The Italian rights of this novel have been sold. At the launch of the book at Oxford Bookstore, Samhita said her novel is “a speculative, feminist, mythological thriller.”
Set in a contemporary, shining Ayodhya, The Missing Queen is a story of a journalist’s search for the missing queen of Ayodhya—Sita. The story is told from the point of view of The Ramayana’s women characters, including Kaikeyi and Surpanakha.
“The Ayodhya in the novel is a mirror of the India of today,” said Samhita to writer Nisha Susan’s question of how she imagined an alternate Ayodhya. “Malls with escalators and buildings with glass panes are reflected in my representation of Ayodhya. “How did a journalist come into the book?” asked Nisha. “I chose not to give the journalist a name, as she is on the periphery of the story.”

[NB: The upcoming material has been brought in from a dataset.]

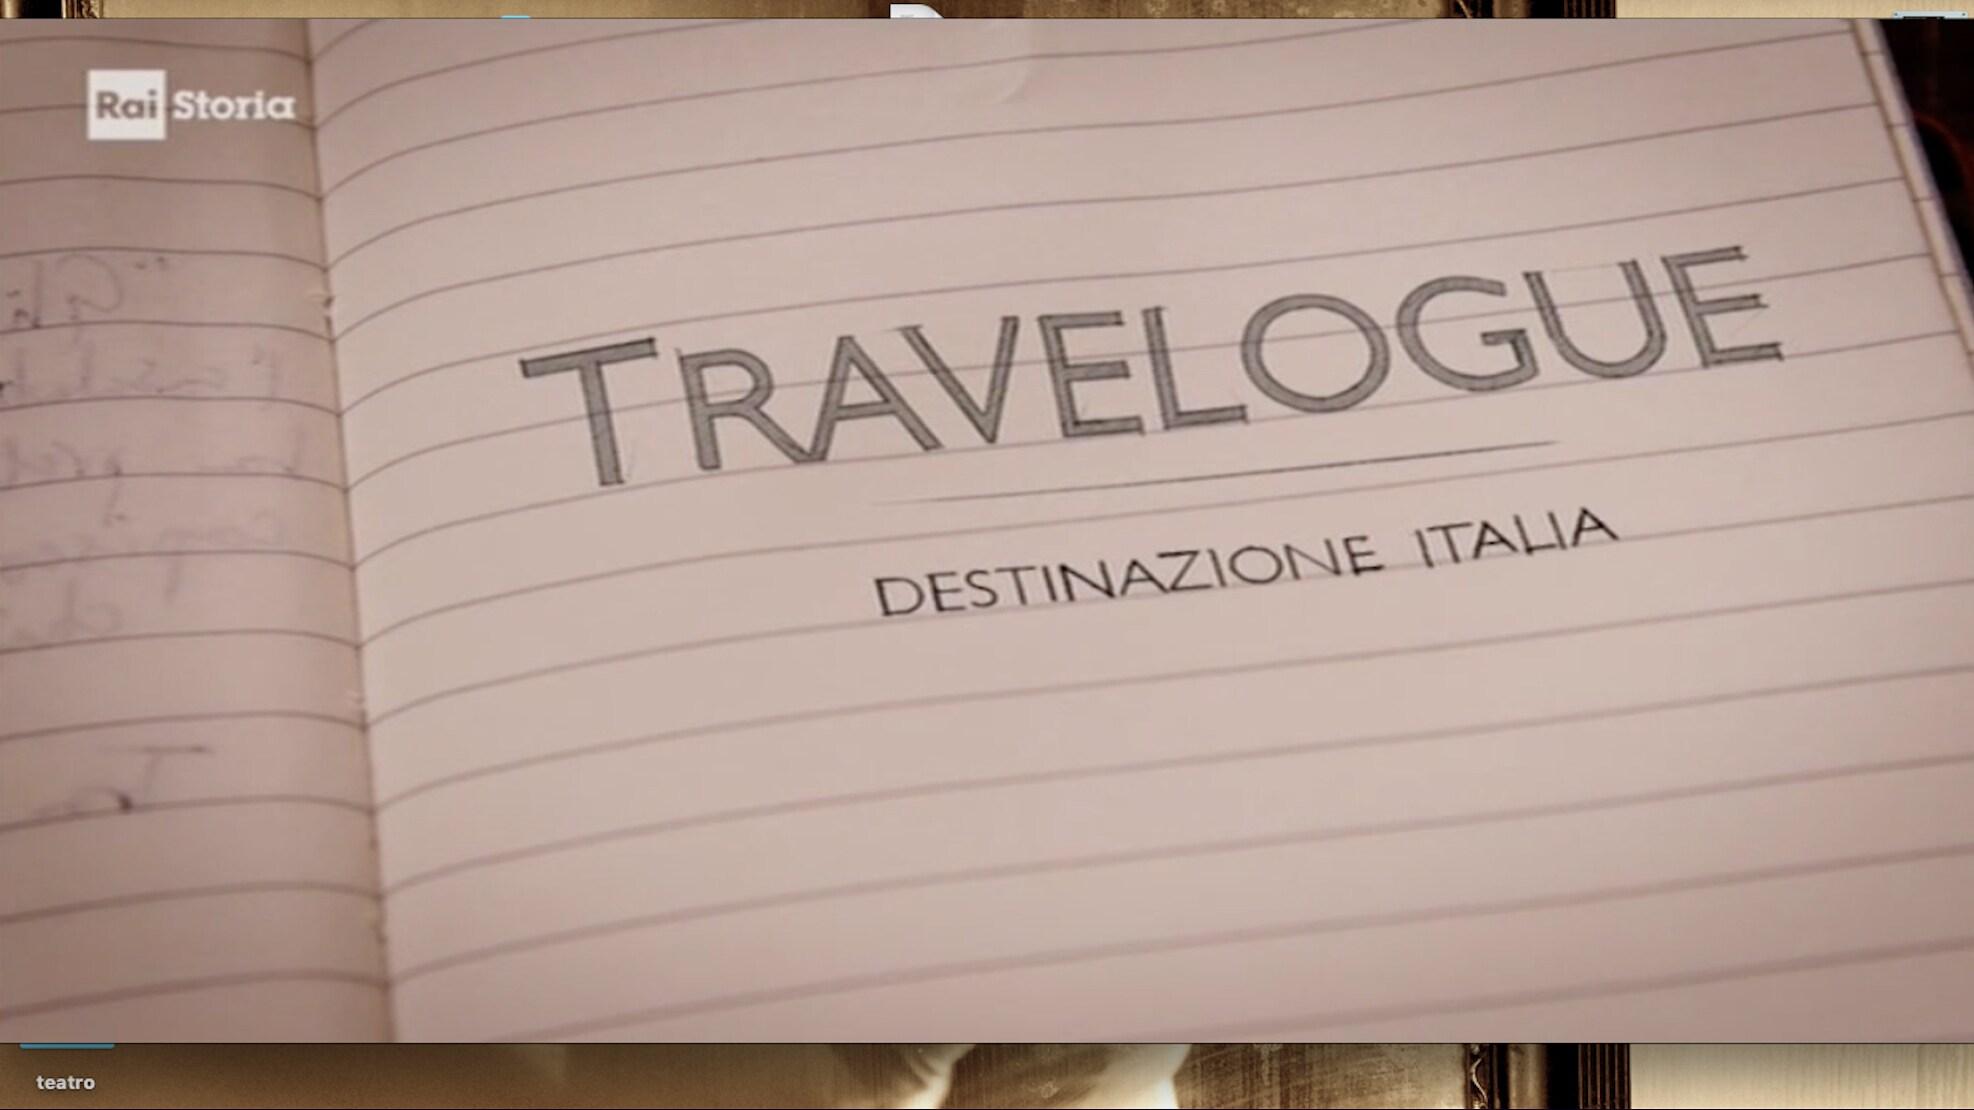 Rai Storia Travelogue. Destinazione Italia. Il Marchese De Sade

Samhita was initially drawn to The Mahabharata for its strong women characters. It was only when she returned to India at age 22, that she developed an interest for The Ramayana. She noticed how hard-wired the epic is into the way Indians think, how guided they are by the notions of an “ideal man”, “ideal woman” and “ideal state”. The different versions of the epic also piqued her interest, particularly its oral versions. “When I returned to The Ramayana , there was a multiplicity to the retelling of it. There were versions told in Surpanakha’s voice. The ChandrabatiRamayana has a Sita-centric point of view. Each reteller brought one’s own stories and realities to the epic. I look at The Ramayana as a retelling more than an epic. When we refer to it as an epic, we tend to forget there are other forms of it.”
Nisha commented on Samhita’s scholarly work in the last five to six years. “I was hugely inspired by the scholarly discussions led by Arshia Sattar. “We call ourselves the ‘Arshia groupies’, says Arni.
At present, Samhita stays six months in Kabul where she is a script writer for a TV show. Kabul, she says, grew on her. “The first month I was there, I hated it. Kabul starts to grow on you, despite the bombings. Kabul is addictive and now I want to go back there. The experience of life in Kabul is so incredibly different from experience of life here.”
On a lighter note, Nisha and Samhita discussed how writers in Afghanistan suffer from an “Ernest Hemingway syndrome”. “They behave like CIA agents, but are not CIA agents, because you can’t so obviously be CIA agents!” Samhita joked.
The Missing Queen has been published by Penguin and Zubaan Books and is priced at Rs. 399.